Accad is hopeful that American Christians will continue to inform themselves and look at the root causes of the conflict, which he places not with terror, but the ongoing question of a Palestinian state, and the history of partition in the region. Accad issues these challenges as one who studied for his master's and Ph.D degrees at Oxford University, specializing in nearly 1,500 years of Muslim-Christian relations. He is currently finishing a book that seeks new ways to engage in Muslim-Christian relations.

Accad emphasizes a new approach to dialogue, which moves beyond exclusivism or relativism. "I do not do the sort of dialogue which claims we are each on different tracks leading to the same purpose. For me, what God has brought to us in Jesus is good news, and good news doesn't need an excuse to be good news," said Accad, adding, "I don't need to destroy the other to be good news." The problem to be confronted, according to Accad is "Some Evangelical Christians believe they must destroy Islam before they can preach."

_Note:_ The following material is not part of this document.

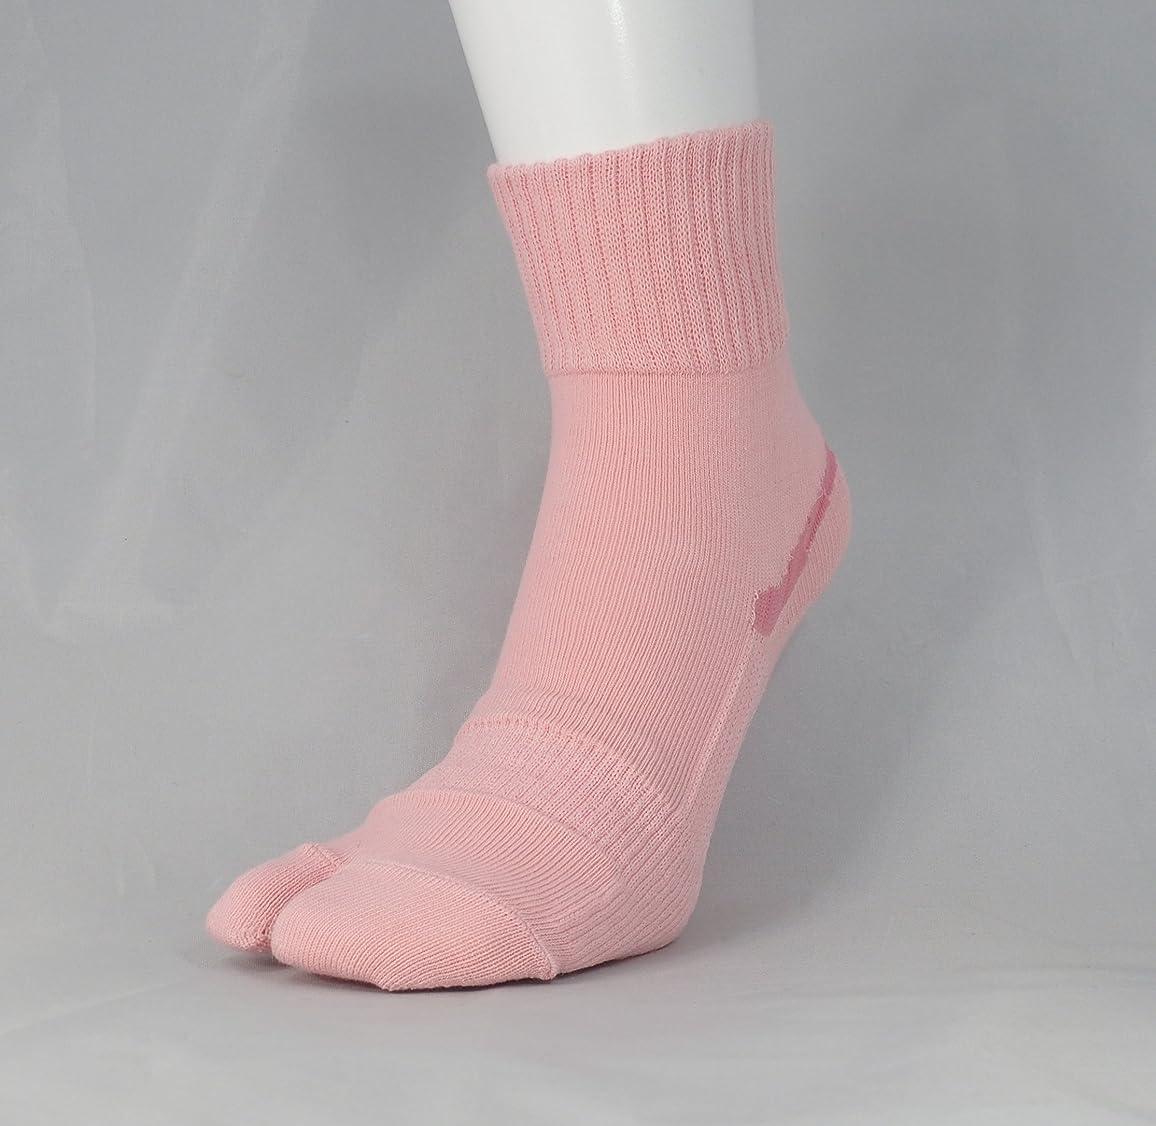 保険比べる壊れた【あしサポ】履くだけで足がラクにひらく靴下 外反母趾に (Mサイズ(23-24センチ), ピンク)
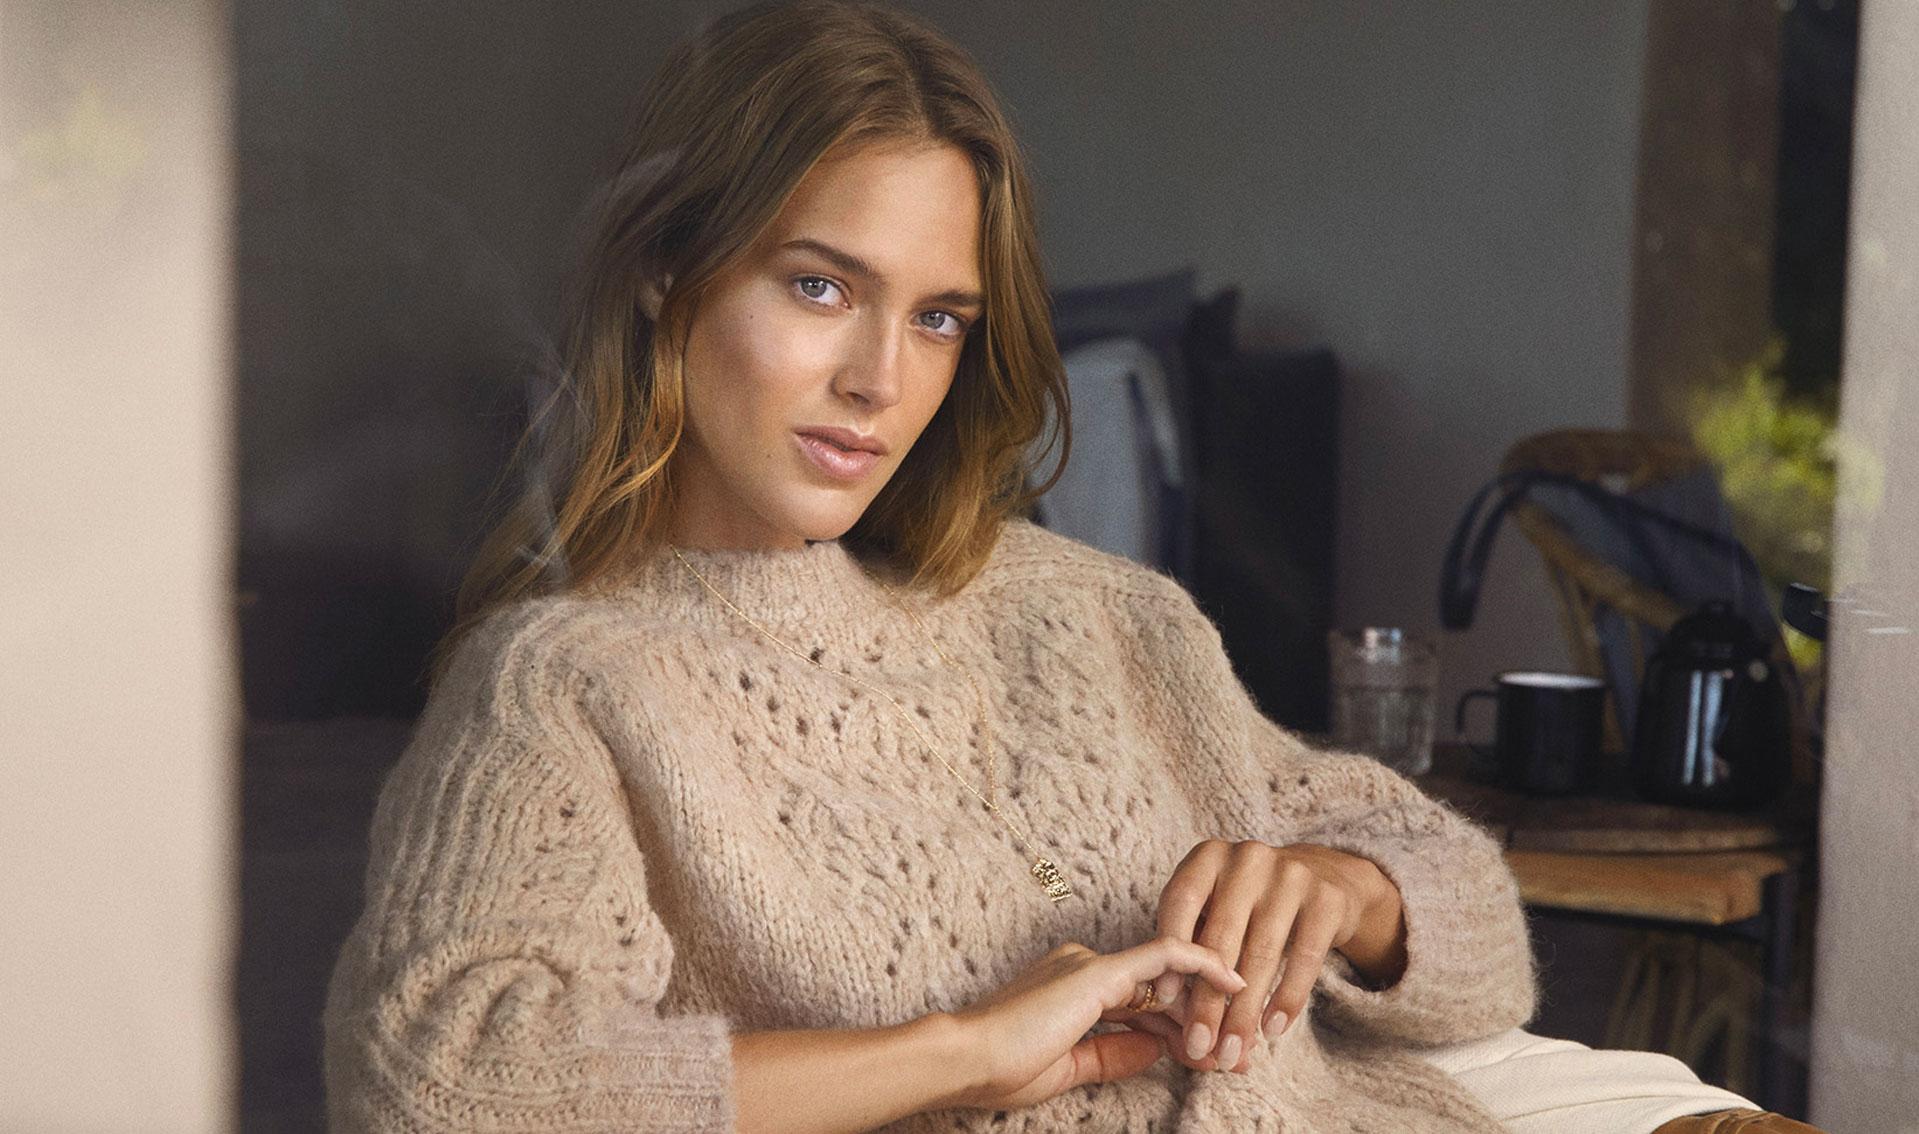 Резултат со слика за photoos of winter knit blouse 2020

Accad formed the Institute for Middle East Studies at ABTS, which has held several dialogues between Evangelical Christians and Muslims for three years. He said just three weeks before the war, ABTS had held its most recent dialogue, and he asked one of the seminary's leaders to call two Muslim Shiite clerics who participated, to see if they were safe, after bombing in their neighborhood. School officials were able to reach one of the clerics who admitted his surprise at the call. Accad said the cleric remarked, "You are different."